The growing market share of Windows 8, sluggish or not, could explain an
upward trend for IE.

Total suppositions with no data. Not an argument, just thinking aloud.

------
blisterpeanuts
This article links to an earlier WSJ piece that gives more information about
Eich's background ([http://blogs.wsj.com/digits/2014/03/24/mozilla-picks-
insider...](http://blogs.wsj.com/digits/2014/03/24/mozilla-picks-insider-eich-
as-new-ceo/)).

He invented Javascript in 1995, co-founded Mozilla, and helped start Firefox.
It seems to me he's very well qualified from a historical as well as technical
perspective.

Questions about his mobile expertise seem misplaced, considering that his
technical contributions helped pave the way for mobile web apps.

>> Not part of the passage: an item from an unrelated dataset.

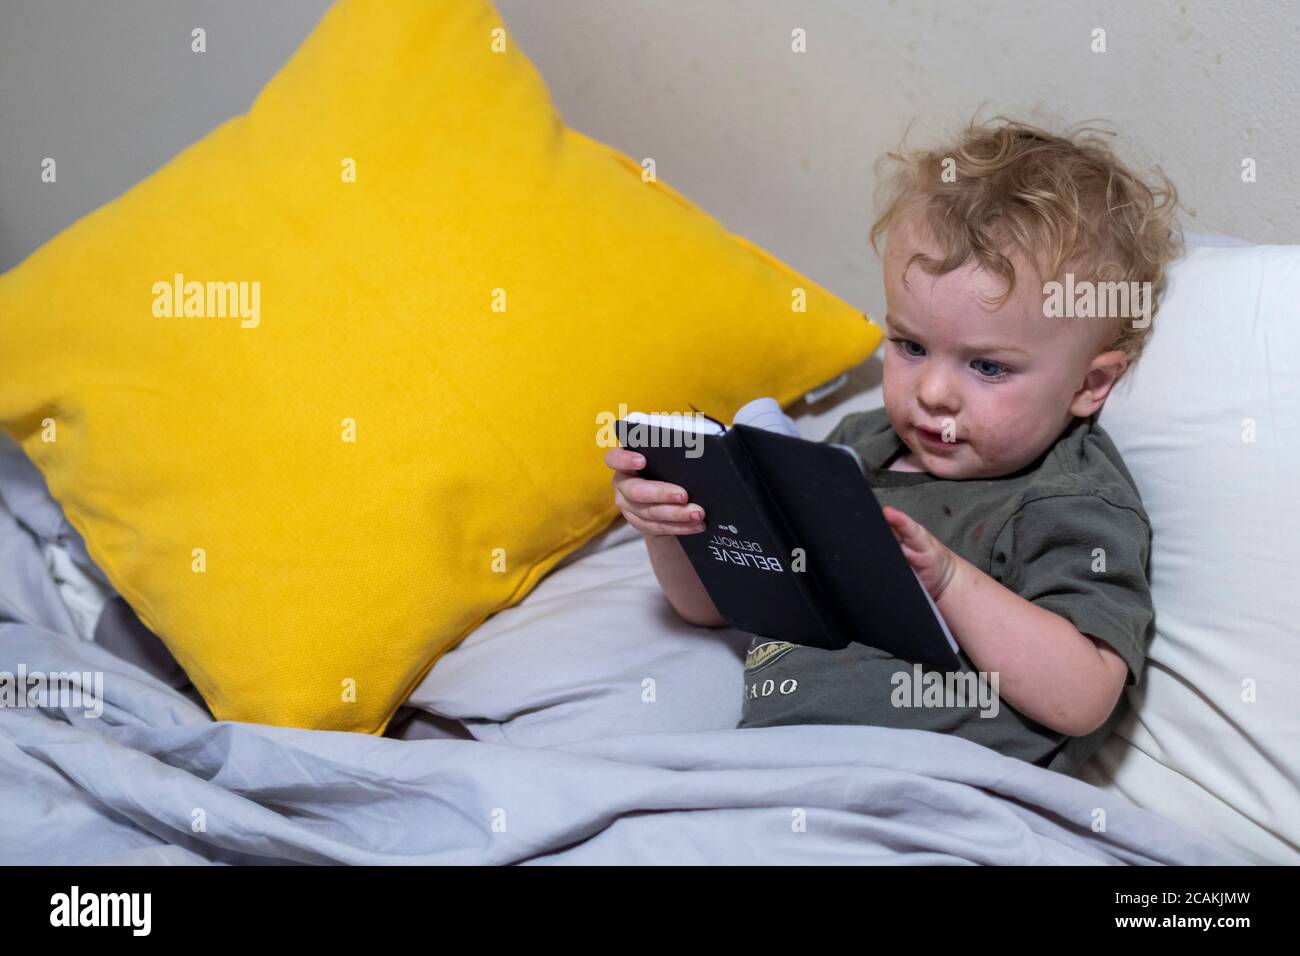 Denver, Colorado - die zweijährige Hendrix Hjermstad hält ein Buch auf dem Kopf, während er vorgibt zu lesen. Stockfoto
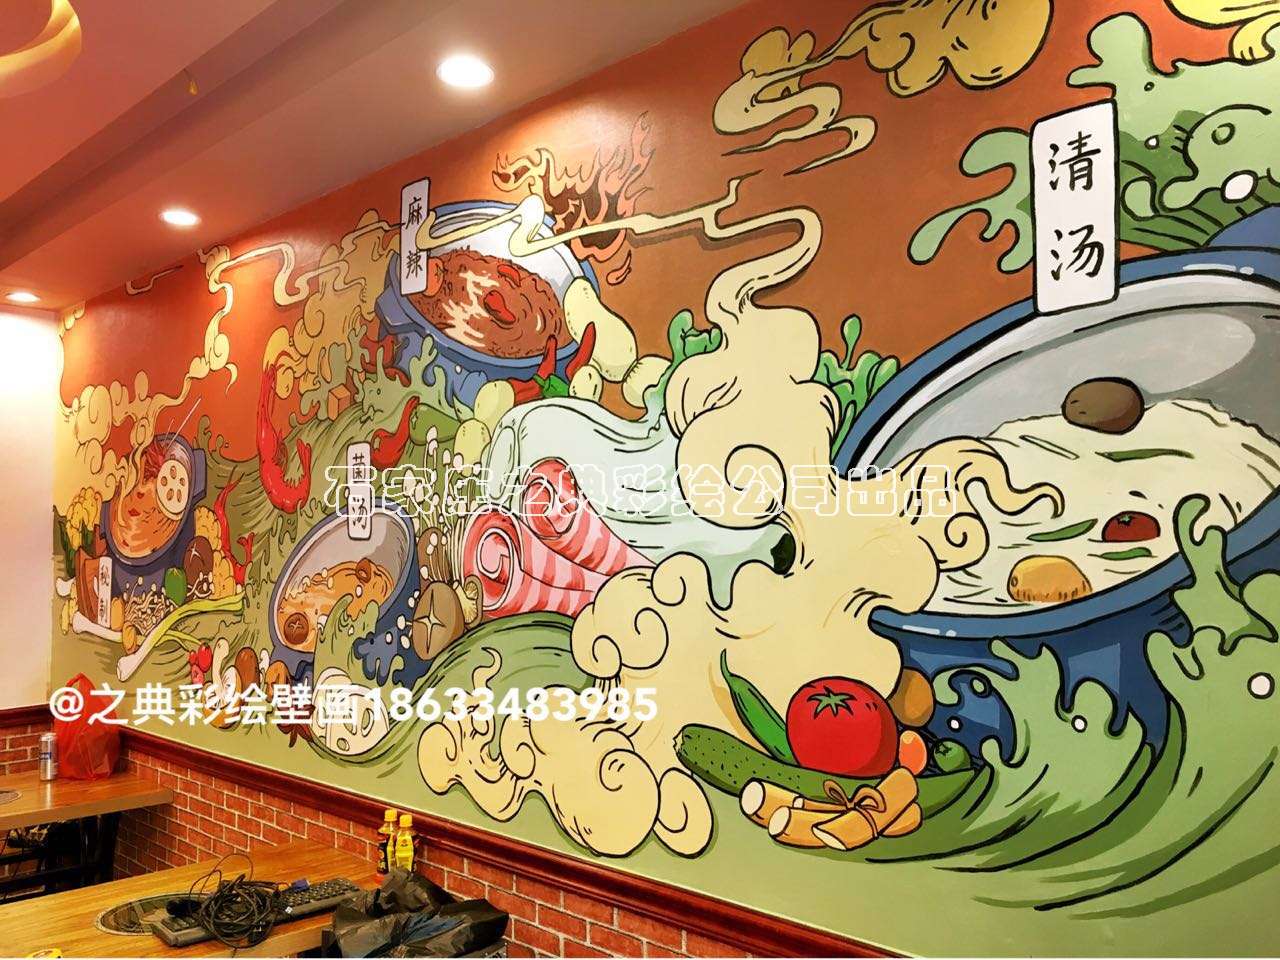 石家庄|十二签火锅店墙体手绘壁画-之典彩绘壁画出品

The article suggests that the unhappiness about Eich's appointment stems from
his support in 2008 for California's Proposition 8, which was an anti-gay
marriage law that passed but ultimately was overturned by the Supreme Court.

I don't wish to incite a flame war over this or start a debate over gay/same
sex marriage; I merely question why his views on this particular issue make
the man unfit for the job. Would it be better if he had contributed money to
_fight_ Prop 8? I find this kind of litmus test highly disturbing.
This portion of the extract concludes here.